第12話 まさかの再会

 しばらく俺は茂みに息を潜めていた。

 ギルドに戻った素振りを見せ、またこの場所にひょいと戻る可能性もあるからだ。

 

 でも恐ろしかった。

 終始ずっと肉を喰らう肉食獣のようにギロッとした目で俺を見つめていた。

 彼女が何を求めているのか到底理解できないが、あのような目で見られたのは長年生きてきて初めての経験だ。


 俺もそろそろギルドに戻って採取した素材を換金したいところだが、彼女が待ち構えている可能性もある。

 今日のところは一旦、家に帰るとしよう。


 ダンジョンを出ると外はすでに夜になっていた。

 繁華街にはキラキラとした明かりが灯り、昼間以上の人と車が行き交う都会ならではといった光景が広がっていた。


 帰りにスーパーでも寄って晩飯を買おう。


 幸い異世界転移前に貯めていた貯蓄がまだ残っていたのだ。

 だから一ヶ月の食費はなんの心配もいらない。


「今日は色々忙しかったし、美味い惣菜と酒でも買って――」

「あ、おじさんじゃん!」


 この透き通る可愛らしい声は……。


 俺は恐る恐る後ろを振り返る。

 やはり想像していた通りそこにいたのは、名前も知らない例の彼女本人だったのだ。しかしいい匂いがする。若い女性だけあって身だしなみには気をつけているのだろう。

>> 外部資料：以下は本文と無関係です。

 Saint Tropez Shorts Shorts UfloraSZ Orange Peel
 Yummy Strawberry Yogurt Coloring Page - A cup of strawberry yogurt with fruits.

 俺なんてダンジョンから出たばかりだから汗臭くてどうにかなりそうだ。

 ついでに加齢臭も年々キツくなっています。


「お、おお君は確か……あの時の」

「そんな他人行儀にならないでよ、おじさん」


 いやいや他人ですけど!


 そう言い返したいのも山々だが、ここは敢えて言わないで置こう。

 今の時代パワハラやセクハラ以外にも色々と厳しい時代。だからこそ発言には俺も気をつけないと。

 訴えられたら間違いなくこの先の人生は詰みだ。


「自己紹介がまだだったよね?」

「確かに聞いてなかった」


 いや、もういい歳したおっさんの俺が言うのもなんだけど本当に早く解放して欲しい。自己紹介とかいいから早く帰って飯食って酒飲んでさっさと寝たい。

 また明日もダンジョンに潜る予定だから英気を養って置かないといけないからだ。